Pierre echó una patética mirada a su alrededor.

—Tiene que haber algo que pueda hacer. Lavar los recipientes, ordenar los archivos… lo que sea.

Shari miró el cubo de basura donde descansaban los restos de un frasco que Pierre había dejado caer el día anterior.

—Ya has dedicado mucho al proyecto… Sé que se supone que eres tú quien cita a los ganadores del premio Nobel, pero creo que Woodrow Wilson dijo una vez: «No sólo uso todo mi cerebro, sino también todos los que puedo tomar prestados». Puedes tomar prestado el mío; yo seguiré por los dos. Ya es hora de que te relajes, de que pases algo de tiempo con tu mujer y tu hija.

Pierre sintió pinchazos en los ojos. Había sabido que aquel día llegaría, pero era demasiado pronto… demasiado pronto.

Hubo un momento de torpeza entre los dos, y Pierre recordó aquella tarde tres años y medio antes cuando él acabó abrazando a Shari mientras ella lloraba por la ruptura de su compromiso. Quizá ella también reconoció el parecido, pues, con una pequeña sonrisa, se acercó y le abrazó suavemente, sin apretar, sin constreñir el baile de su cuerpo.

—Serás recordado, Pierre —dijo—. Lo sabes. Serás recordado para siempre por lo que has descubierto aquí.

Pierre asintió, intentando encontrar consuelo en sus palabras, pero las lágrimas no tardaron en rodar por sus mejillas.

—No llores. No llores.

Miró a Shari y meneó la cabeza.

—Sé que hicimos un buen trabajo, pero…

Ella se apartó el pelo de la frente.

—¿Pero qué?

—Partes y pedazos —contestó—. Puedo entender partes y pedazos de ello. Pero el conjunto, los nucleótidos, las enzimas, las reacciones, las secuencias genéticas… —se secó la mejilla con su mano temblorosa—. No lo recuerdo todo, y lo que recuerdo, ya no lo entiendo.

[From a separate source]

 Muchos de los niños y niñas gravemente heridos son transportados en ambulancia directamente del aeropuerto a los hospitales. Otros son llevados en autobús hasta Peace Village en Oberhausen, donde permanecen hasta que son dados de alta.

Shari le dio una palmadita en el hombro.

—No importa. Tú hiciste el trabajo. Tú hiciste los descubrimientos. Yo puedo acabarlo a partir de aquí.

—¿Pero qué voy a hacer yo ahora? No sé hacer otra cosa.

Shari habló suavemente.

—Tienes otro mensaje de Barnaby Lincoln, del Chronicle. ¿Por qué no le devuelves la llamada?